沙栎等人若是选择诚意询问,荣娇会直言相告或多做些解释,但对方用这种小算计,她是不会理会的。
“多谢小楼东家提醒,是我关心则乱了,我家公子自然是不会看错的”
沙栎碰了一鼻子灰,听完他这番软中带硬的回复,心里悻然脸上却不露声色,一幅了然与心的欢喜模样,心底对荣娇的戒备又加深了几分,总觉得这小子牙尖嘴利,又会扯虎皮做大旗,拿公子压他,不怎么地道。
“既然蒙东家错爱,做了这酒庄总管事,自然是希望庄子上出息多,酒坊的酒,品质出众,供不应求,故此难免看重酒方,若由此言语间有冒犯之处,还请小楼东家莫要怪罪。”

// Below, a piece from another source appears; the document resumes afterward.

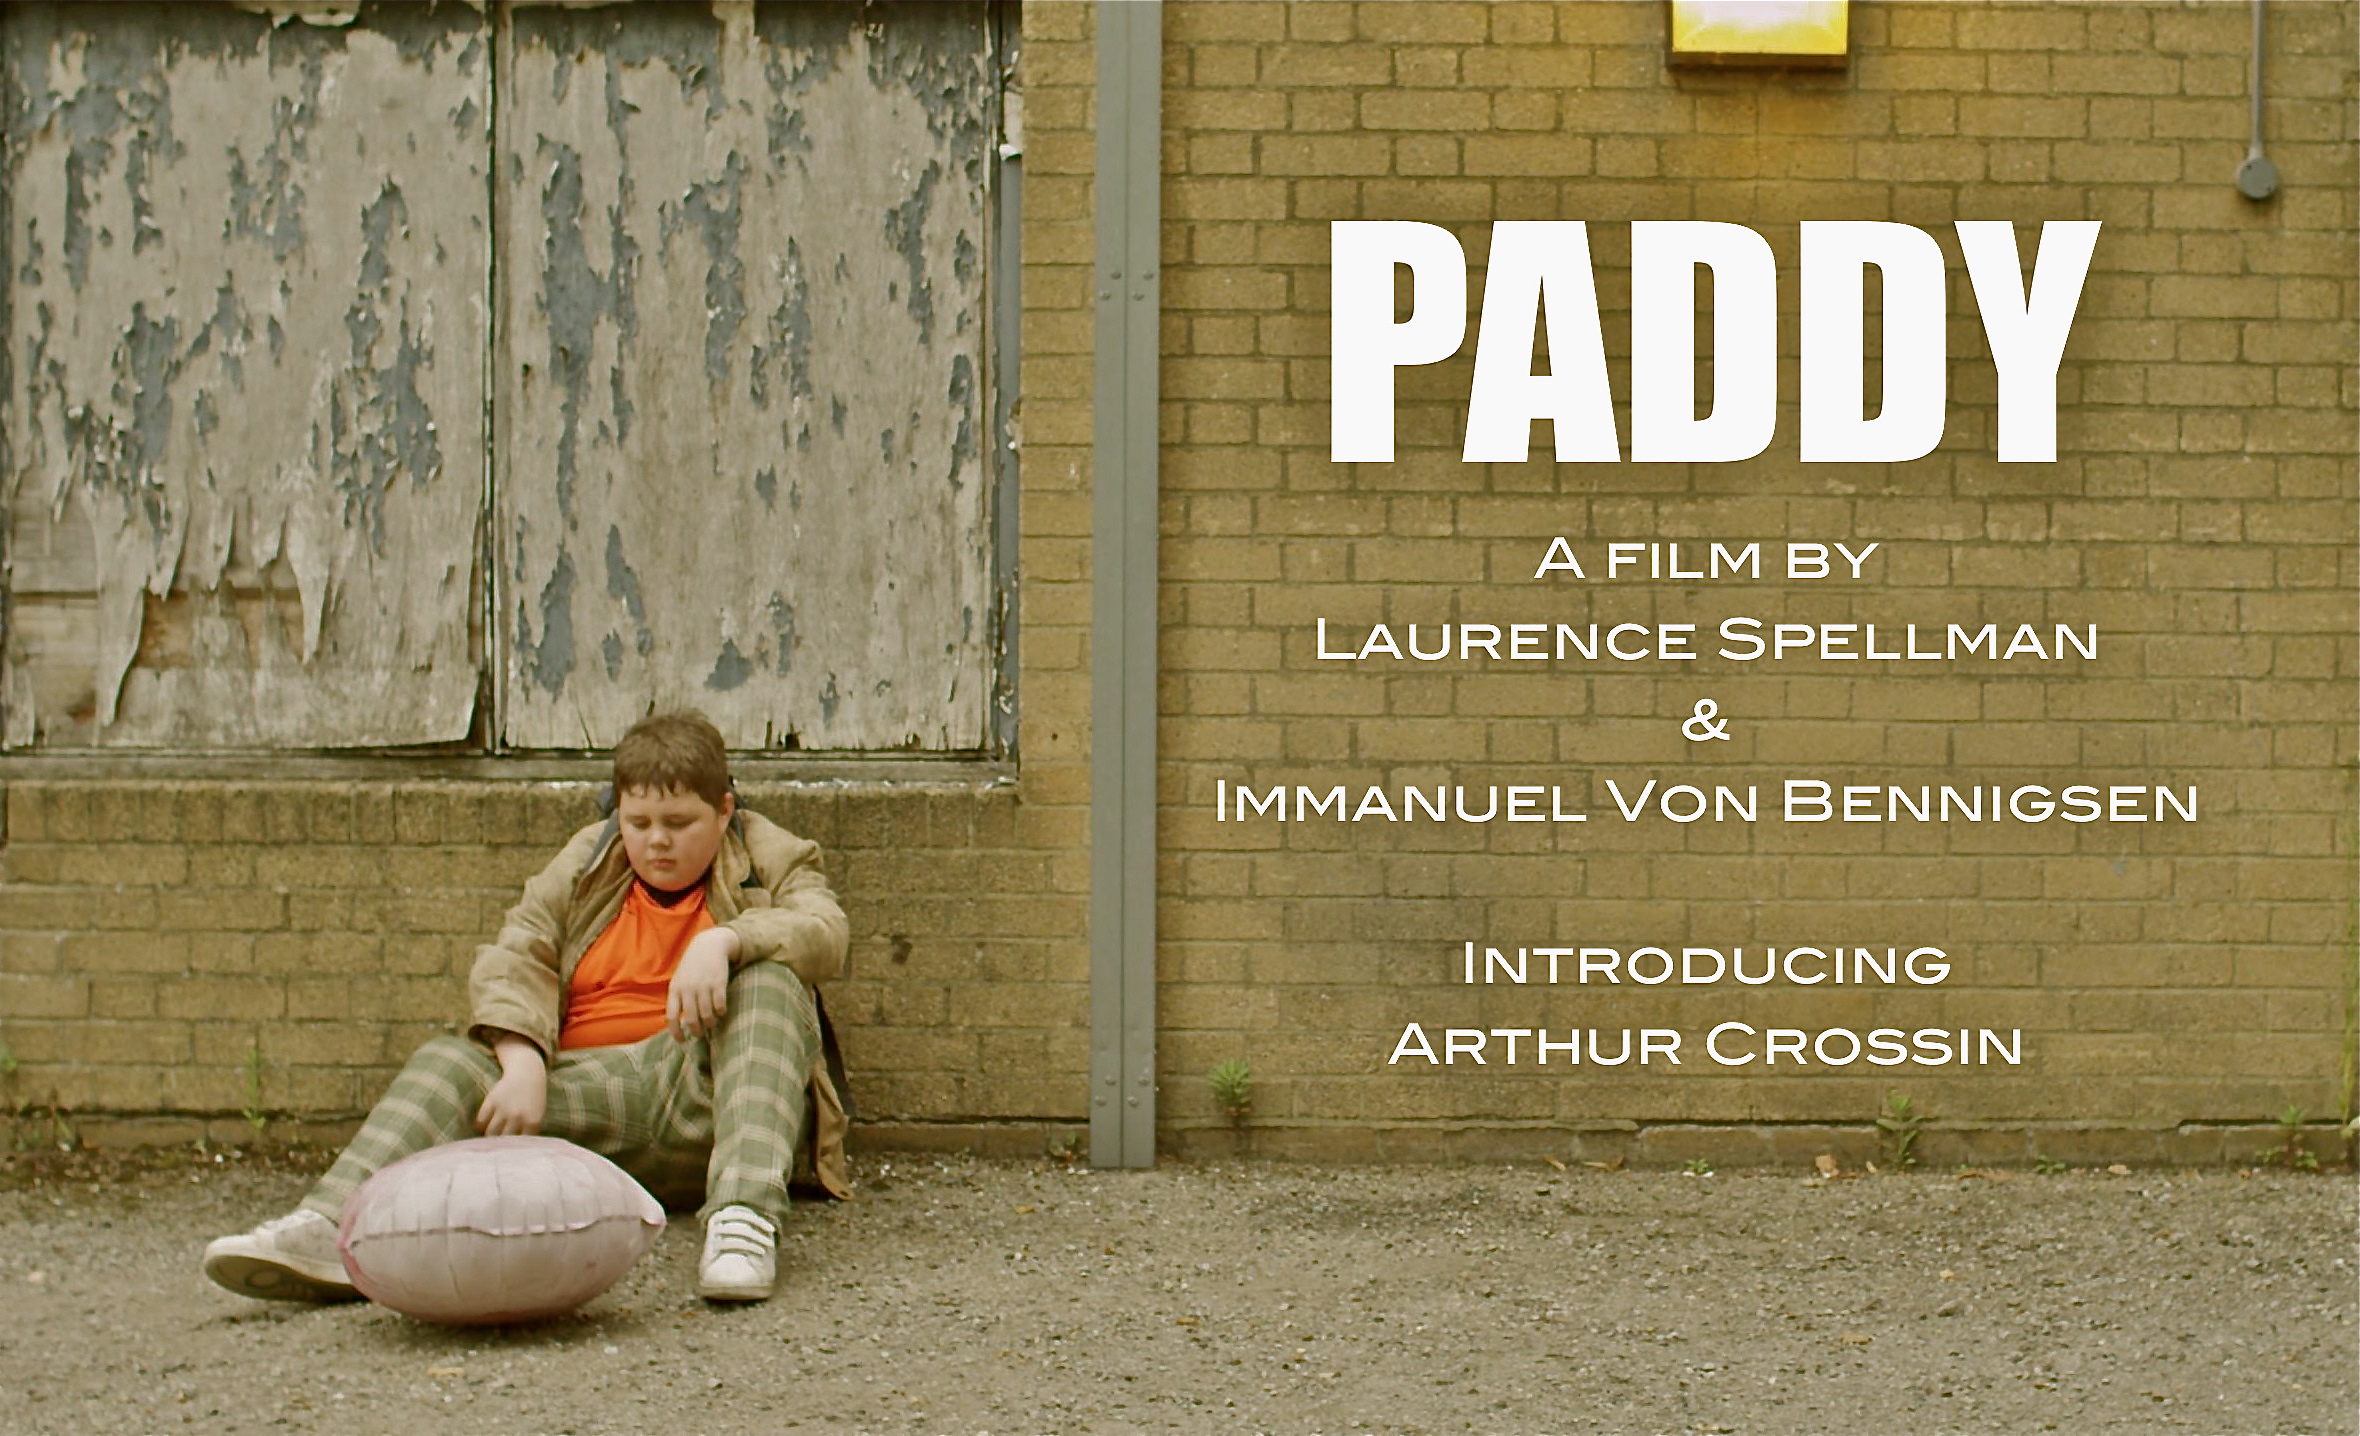 PADDY a film by Laurence Spellman & Immanuel Von Bennigsen

沙栎心里不喜,面上不显,表忠心的话说得漂亮又坦然:“咱既然是做这生意的,酒的品质好坏,出酒如何,赚钱与否,难免要多关心一些还请小楼东家能交个底,给个定心丸。”
荣娇好看的眉头微蹙随即展开,黑眸深处隐藏了一丝不悦的光芒,沙栎这番话,单从字面看也不算为过,只是他讲话的语气与表情却让荣娇不舒服,似乎对方也没太想隐瞒自己的不屑与挑衅。

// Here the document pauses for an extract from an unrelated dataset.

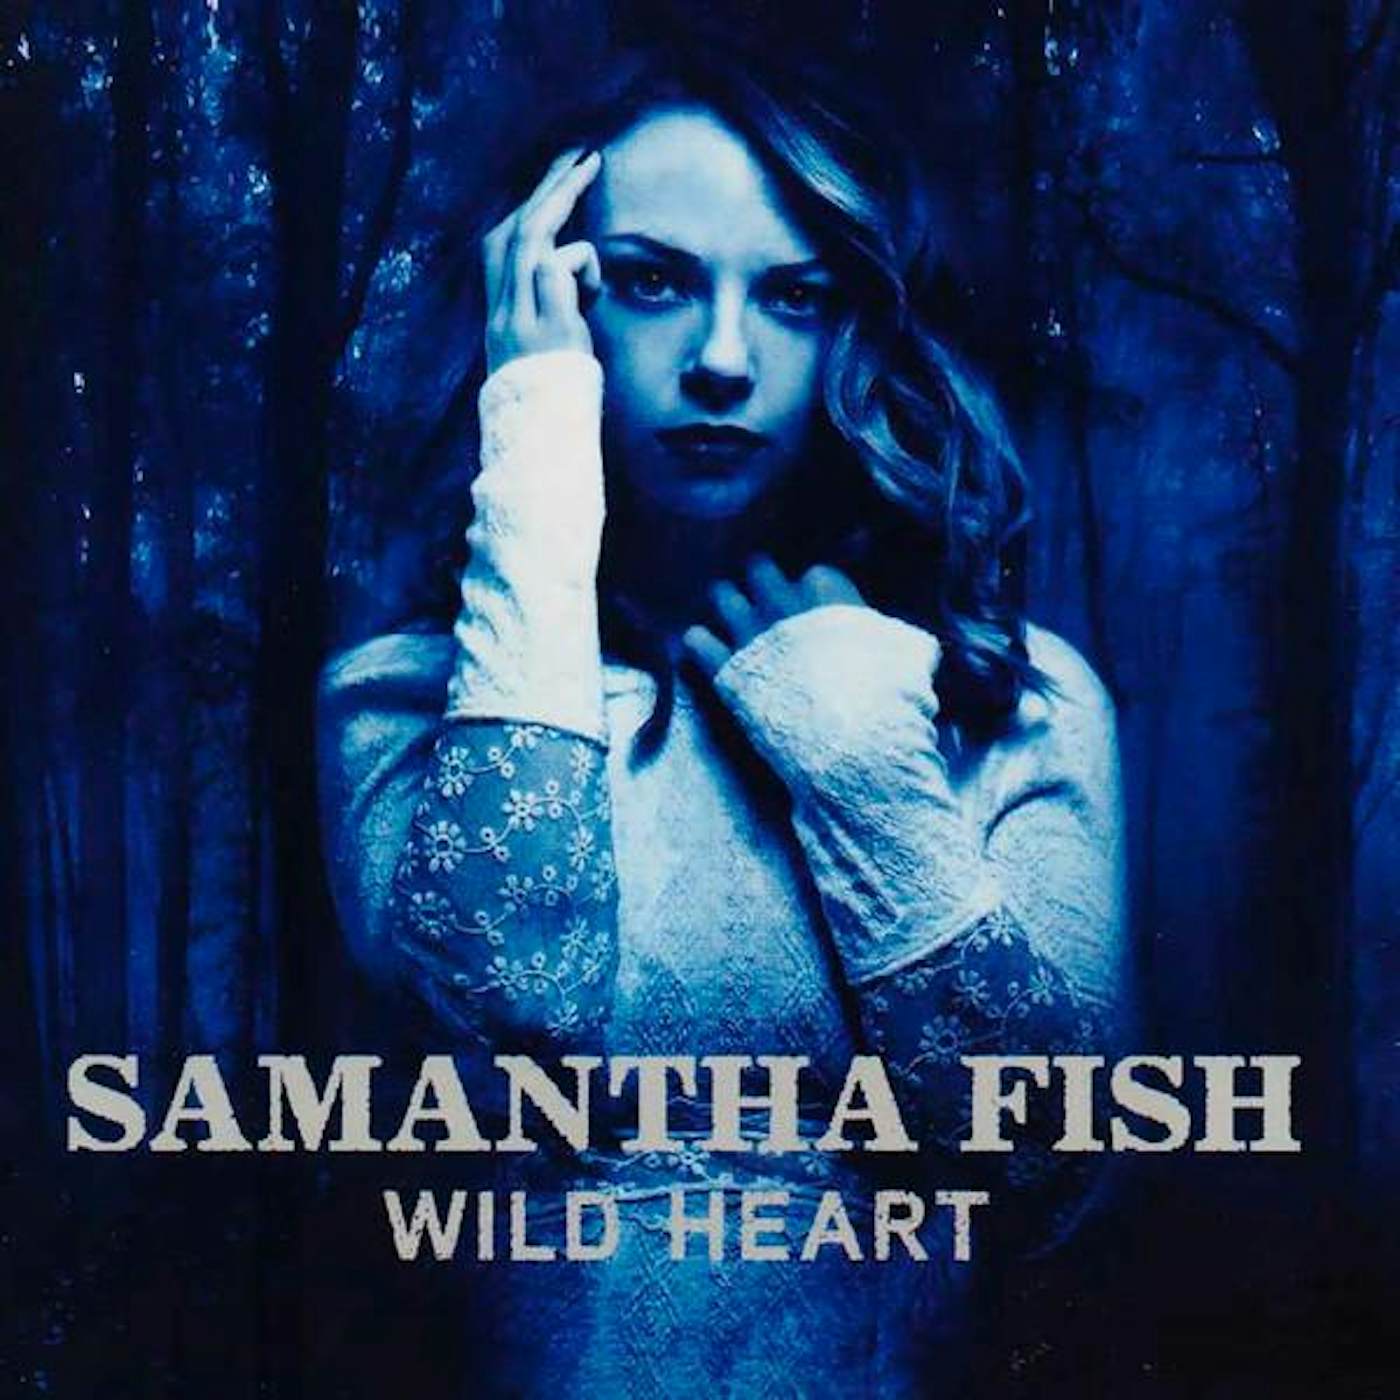 Samantha Fish WILD HEART CD

沙栎是玄朗的人,这酒庄上下,包括岐伯在内,都是玄朗的人,其实按照约定,荣娇可以只管出方子,拿红利,不过问经营之事,是玄朗有意锻炼她,而她自己也想多学些经验,这才介入其中,所以她这个所谓的二东家,实际是只分红利不管事没实权的。
话不投机,对方又没正眼看她,荣娇身上属于楼满袖的强势气场就显现了:“沙总管此言差矣玄朗大哥既然选你为总管事,定是相信你有这份能力”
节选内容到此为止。